▶ _Collected material_:
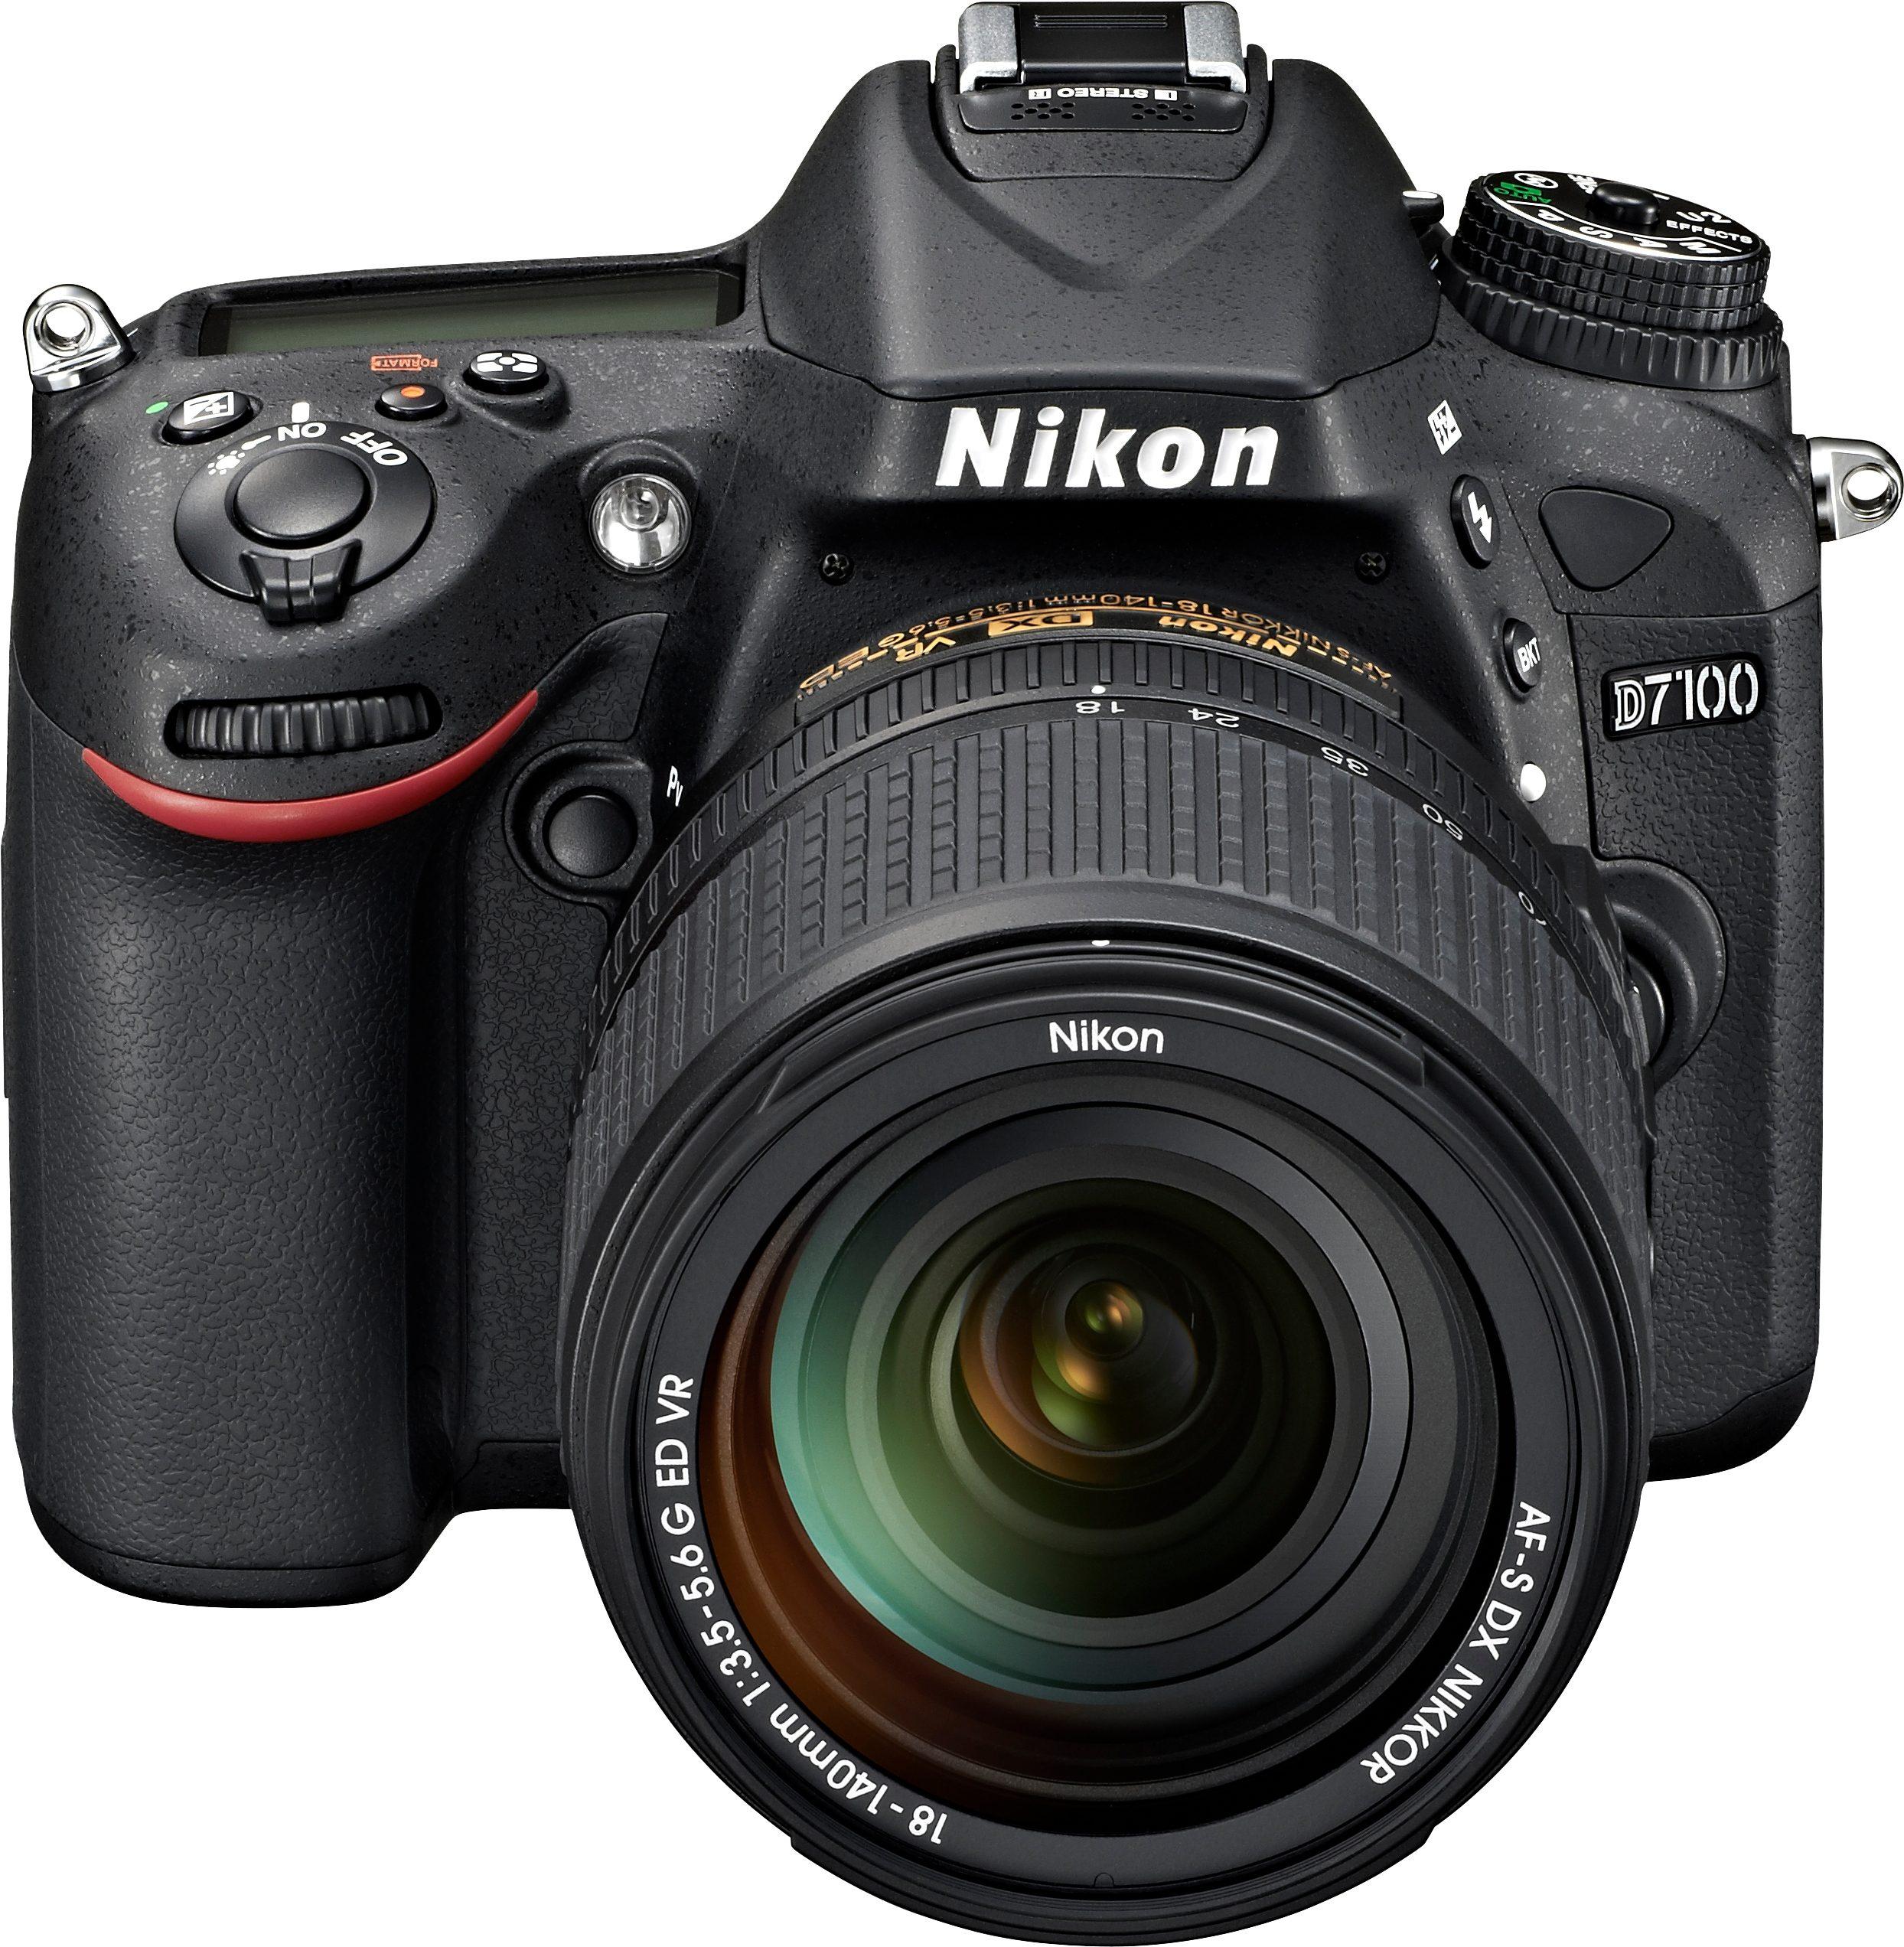 Nikon D7100 Kit AF-S DX 18-140G VR Spiegelreflex Kamera, Zoomobjektiv Zoom, 24,1 Megapixel
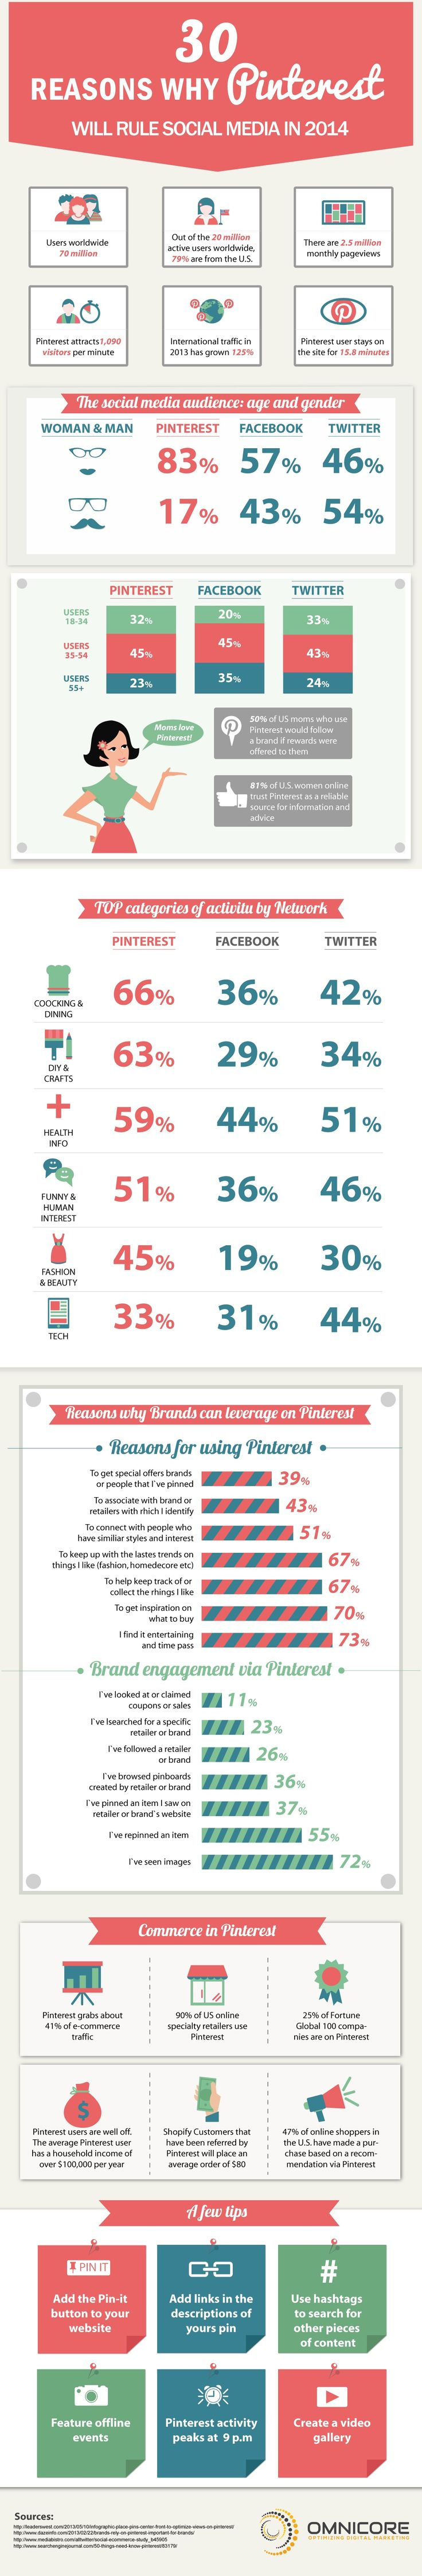 30 Reasons Why #Pinterest Will Rule Social Media in 2014 #pinterestparaempresas #pinterestmarketing #pinterestforbusiness
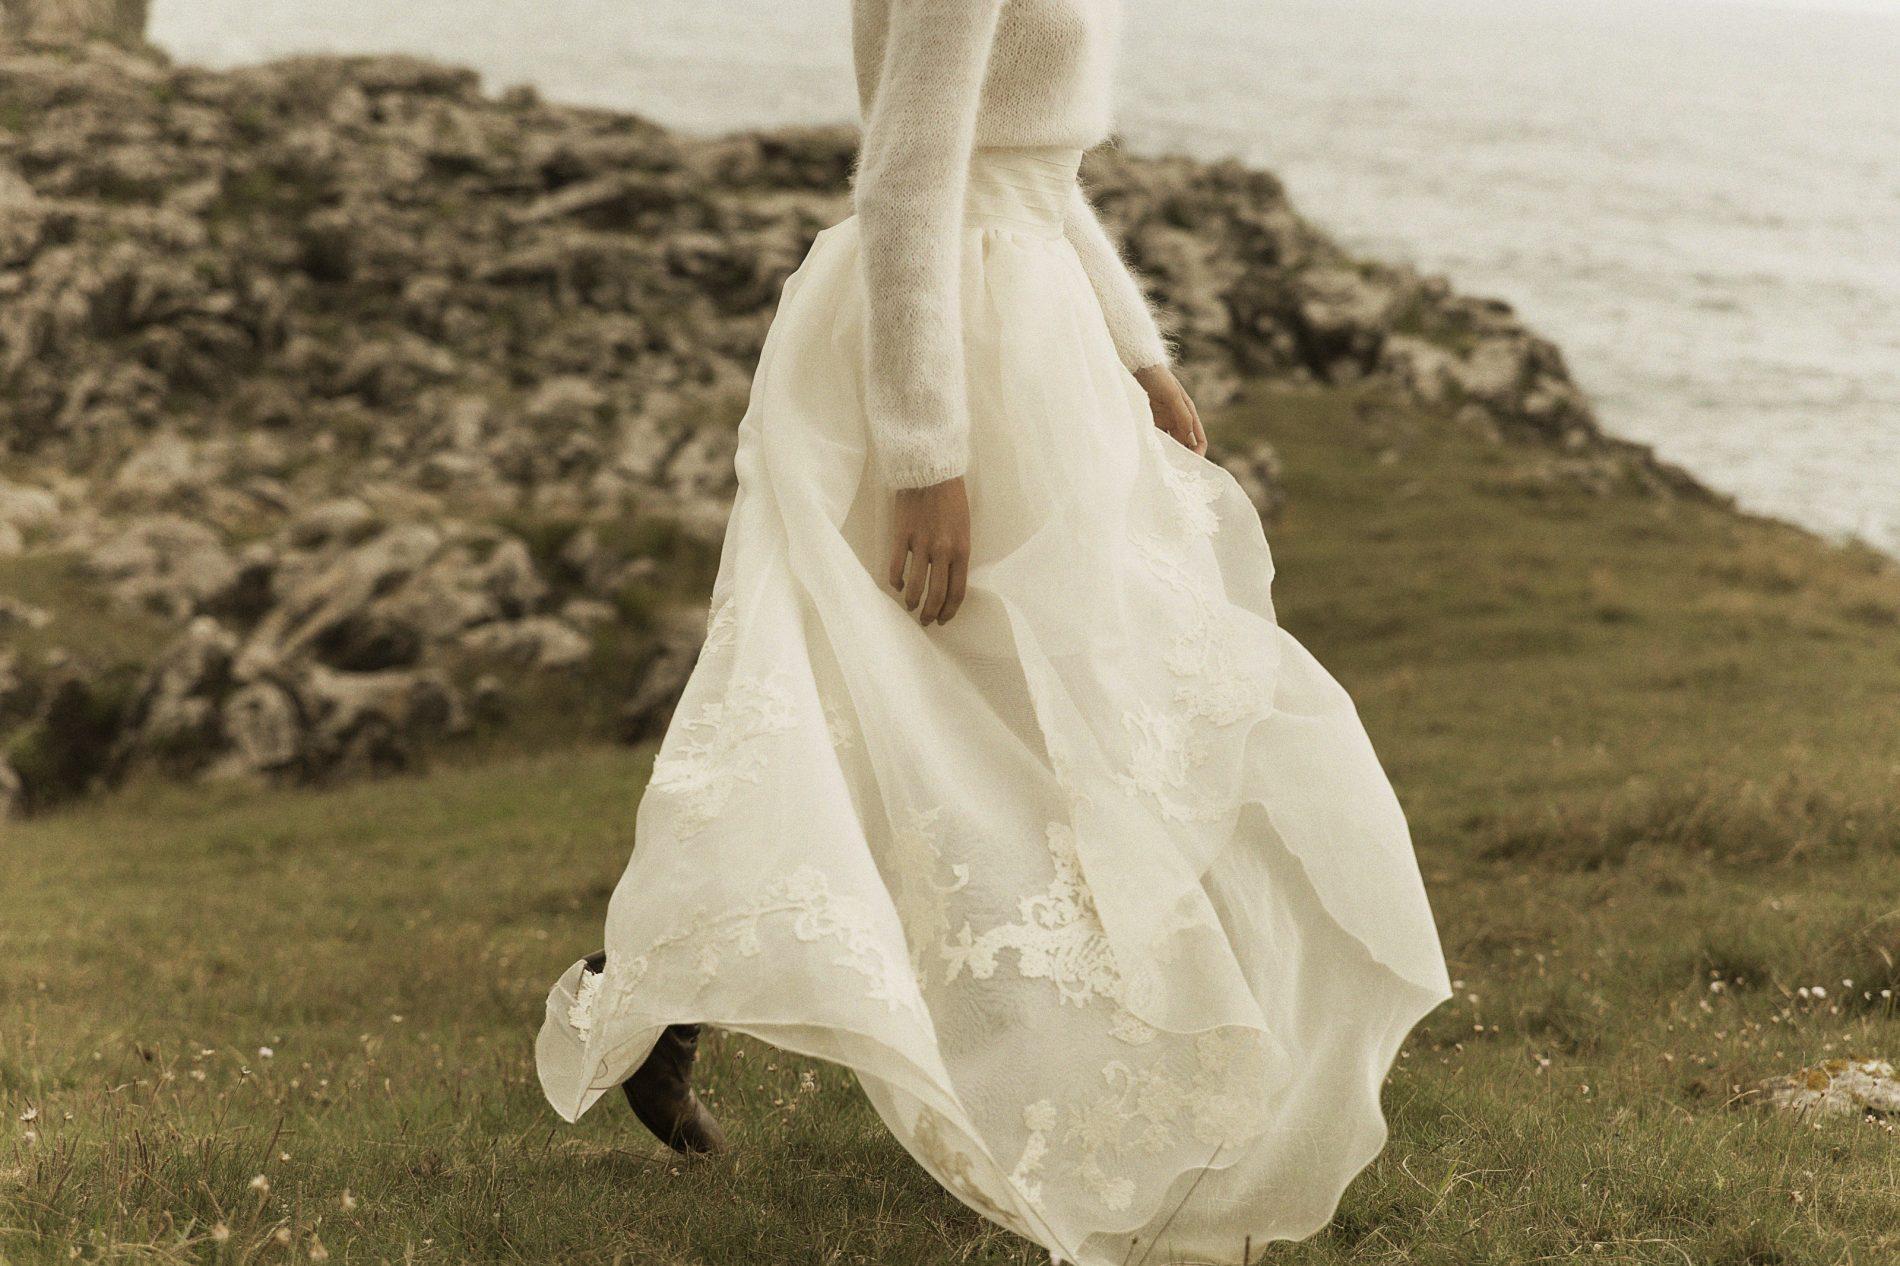 d0b47dc4 ... y me lancé a los vestidos a medida, y de ahí al mundo de las novias  donde me he ido involucrando cada vez más hasta centrarme exclusivamente en  esto.
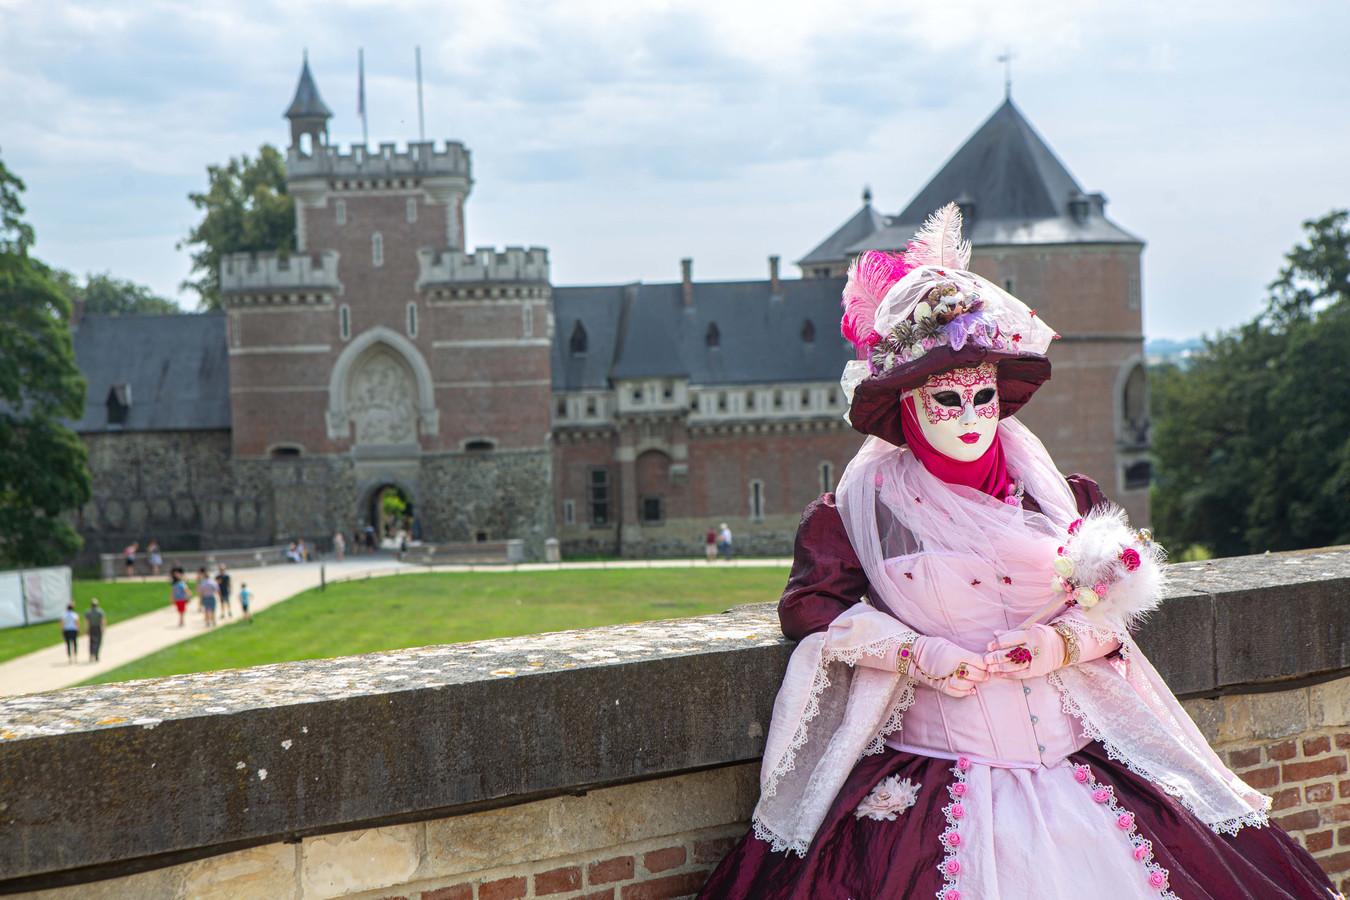 Afgelopen zomer gingen leden van Regards Vénitiens met hun Venetiaanse kostuums nog gretig op de foto voor de vele bezoekers in de museumtuin van het Kasteel van Gaasbeek.

▶ _What is required_:
Nothing but the lines from the one holding "d0b47dc4 ... y" through the last line of the listing should appear in the answer, copied exactly and without pictures.

▶ _Result for this task_:
 d0b47dc4 ... y me lancé a los vestidos a medida, y de ahí al mundo de las novias  donde me he ido involucrando cada vez más hasta centrarme exclusivamente en  esto.
 Afgelopen zomer gingen leden van Regards Vénitiens met hun Venetiaanse kostuums nog gretig op de foto voor de vele bezoekers in de museumtuin van het Kasteel van Gaasbeek.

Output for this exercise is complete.